In May 2000, FCC Commissioner Susan Ness received a call from Kerry, in which he advocated for the company’s plan. Kerry had also phoned then-FCC Chairman Kennard to lobby for the merger in October 1999. He told both that the issue was important to the economy of Massachusetts.
“It was not unusual to receive calls from members of Congress,” said Ness, who left the FCC in 2001 and is now raising money for Kerry. “The only reason I vaguely remember this was because it was extremely rare for Kerry to make a phone call.”
Ultimately, the FCC allowed Verizon to spin off the GTE Internet business into a new company, Genuity. All of the lobbying, however, was in vain. Caught in the telecommunications bust of 2001, Genuity ended up in bankruptcy court by 2002.
Why did Kerry help Verizon? Verizon was among the largest private employers in his state, providing about 15,000 jobs, and has the largest corporate capital budget in the state, a Verizon executive said. But the company’s executives and employees also gave Kerry campaign contributions of $47,000 in March 2001, more money than any other politician received.
Most of the money was contributed at a fundraiser held by Verizon Chief Executive Ivan G. Seidenberg, who Kerry counted as a personal friend. The two men were introduced by former New England Telephone President Donald Reed, who has played hockey with Kerry. All three men also share a bond as Vietnam veterans. (Seidenberg is also a top fundraiser for Bush, one of the so-called Pioneers, who each raise a minimum of $100,000 for his campaign.)
Kerry’s friendship with Seidenberg is well known in telecom circles. “We’ve never counted him as a strong ally because of his friendship with the executives within Verizon,” said John Windhauser, president of the Assn. for Local Telecoms, which opposed the Verizon merger. But he added that Kerry is viewed as a lawmaker “open to hearing our arguments.”
Once the merger was approved, Kerry intervened for Verizon again. This time, he was among dozens of legislators who became involved in a dispute during 2002 between Verizon and the FCC over a wireless license.
The FCC was holding a $1.4-billion Verizon deposit on the license, but a federal court had barred the FCC from delivering the license because it had been originally auctioned to another company that had defaulted.
Verizon wanted to get out of the deal and demanded its money back.
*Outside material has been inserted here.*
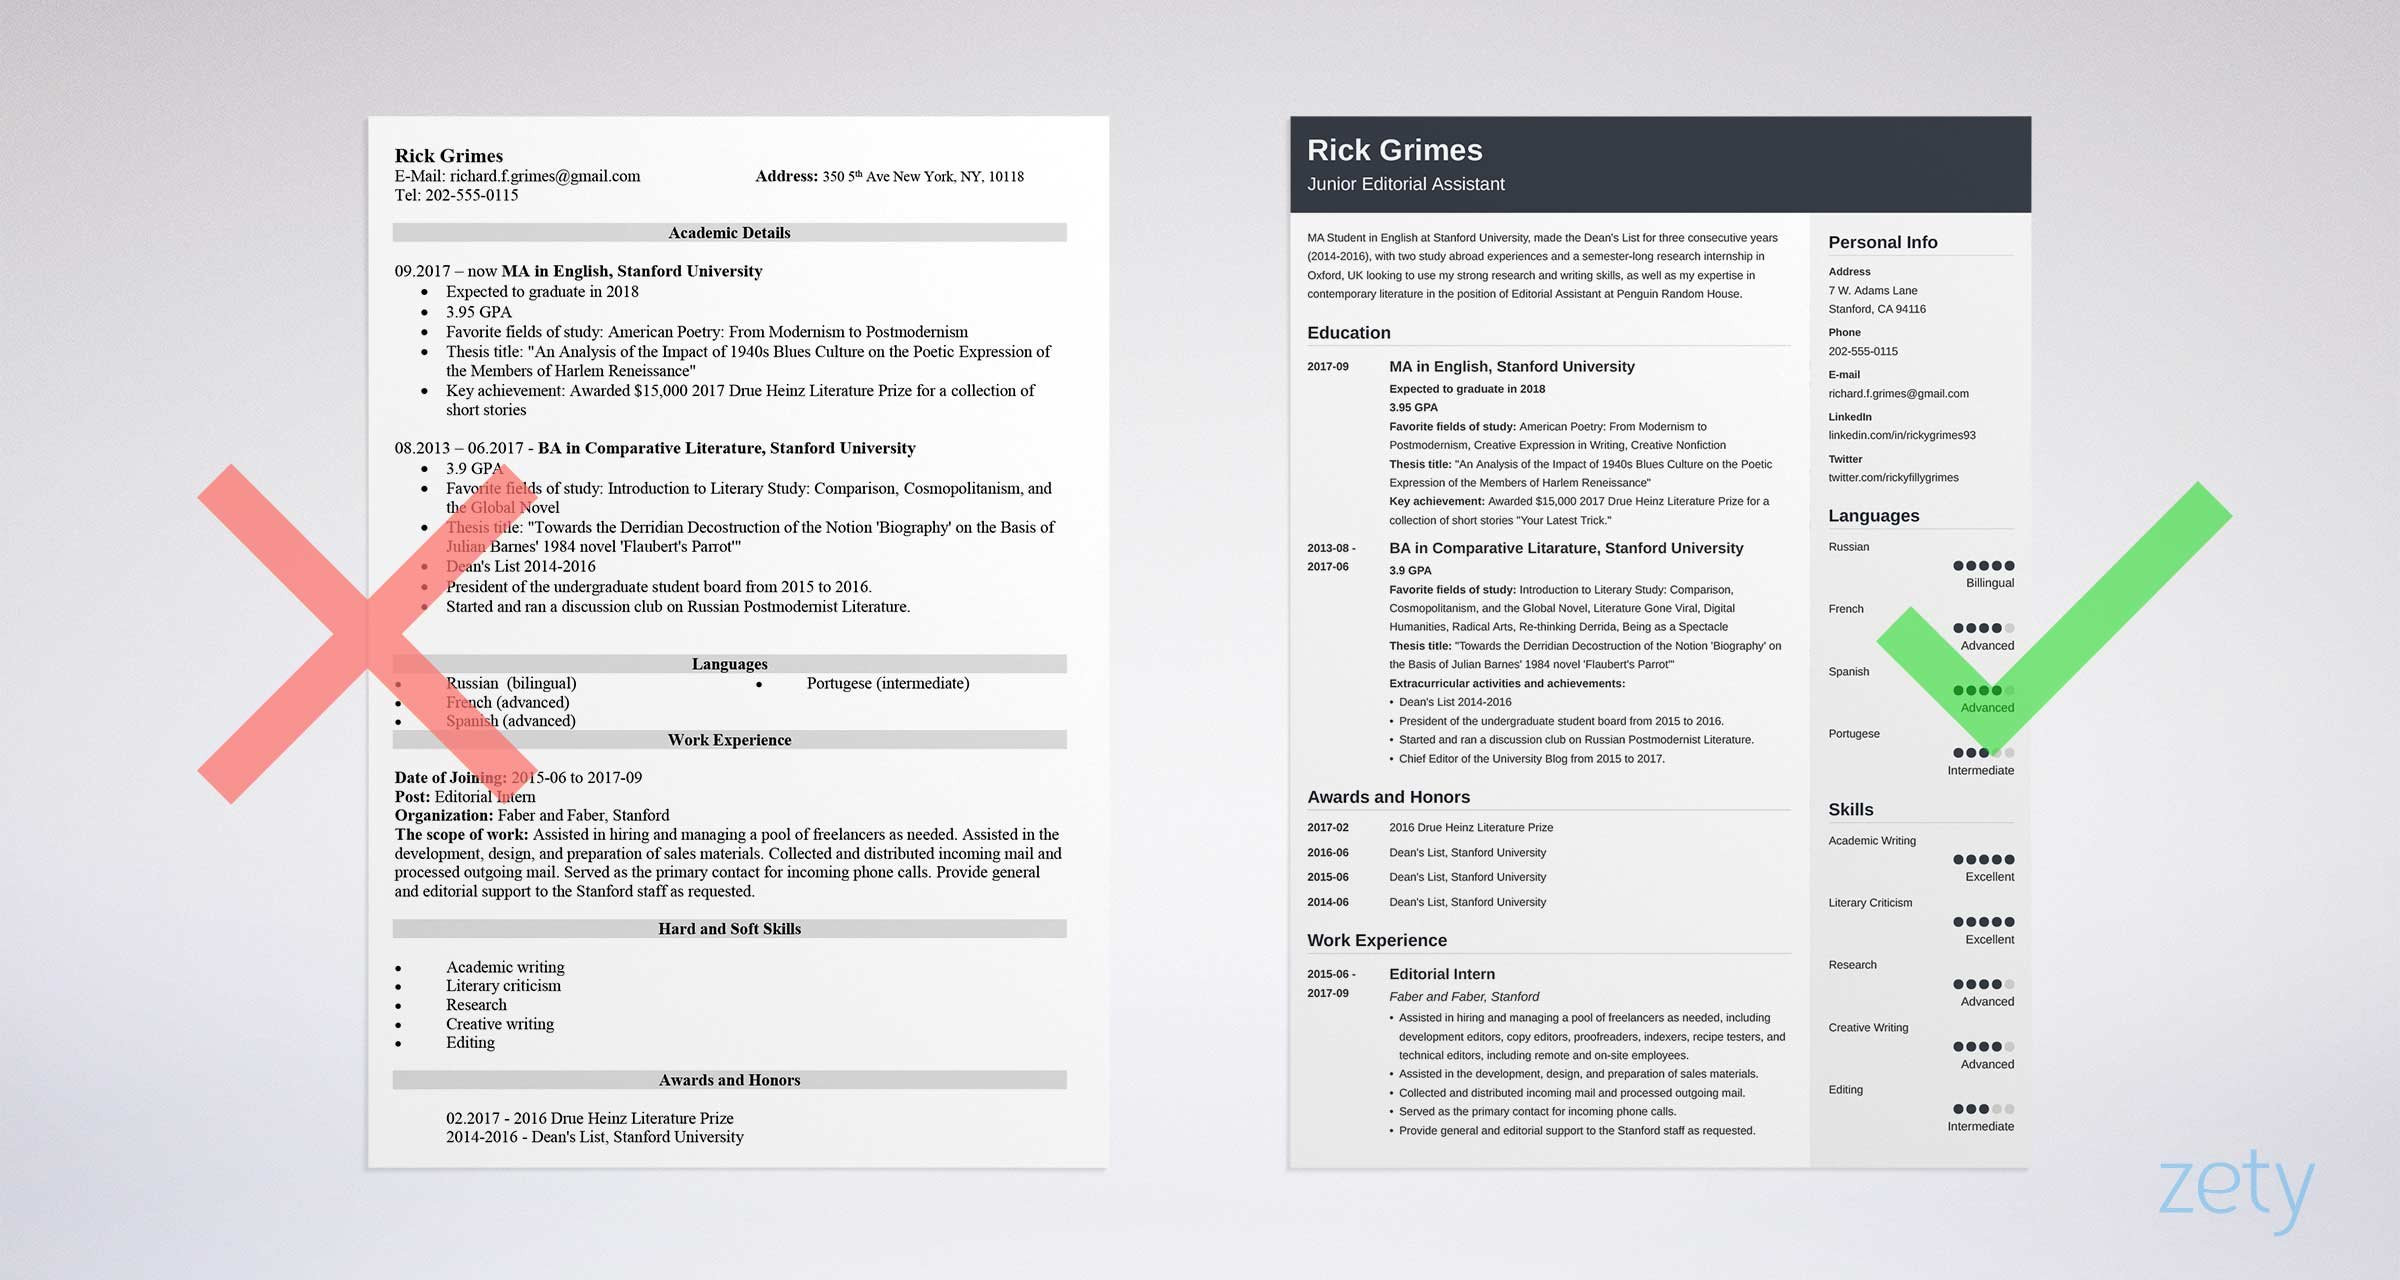 Sample Resume for Models with No Experience 20lancarrezekiq Entry Level Resume Examples, Templates & Tips

Dozens of House members sent letters to the FCC in 2002 calling for the agency to release Verizon and other companies. In late October 2002, Kerry, along with Hollings and Sen. Sam Brownback (R-Kan.), also wrote a letter asking the FCC to release the companies.
By the end of the year, the FCC did. Kerry and other lawmakers were vindicated in January 2003, when the U.S. Supreme Court ruled that the FCC had acted improperly by seizing the license while it was under the protection of the bankruptcy court.
Gregg Rothschild, Kerry’s former legislative director, said Kerry was instrumental in building a coalition within the Senate on the FCC dispute, though not to help Verizon. “Kerry was looking at it as more of a larger issue facing the wireless industry,” he said.
Rothschild said Kerry recognized the importance of broadband technology early, pushing for a tax credit in 2000 for companies willing to bring the Internet to rural areas. Kerry was a big supporter of the multibillion-dollar e-rate program, which wired thousands of rural and poor schools and libraries for high-speed Internet access. He also co-sponsored legislation in 2002 to delay a planned auction for airwaves used by the television industry, a measure supported both by the telecommunications industry and consumer groups.
“I think he has had enormous influence on technology policy,” Rothschild said. “He kind of had the ability to see around the corner when others didn’t.”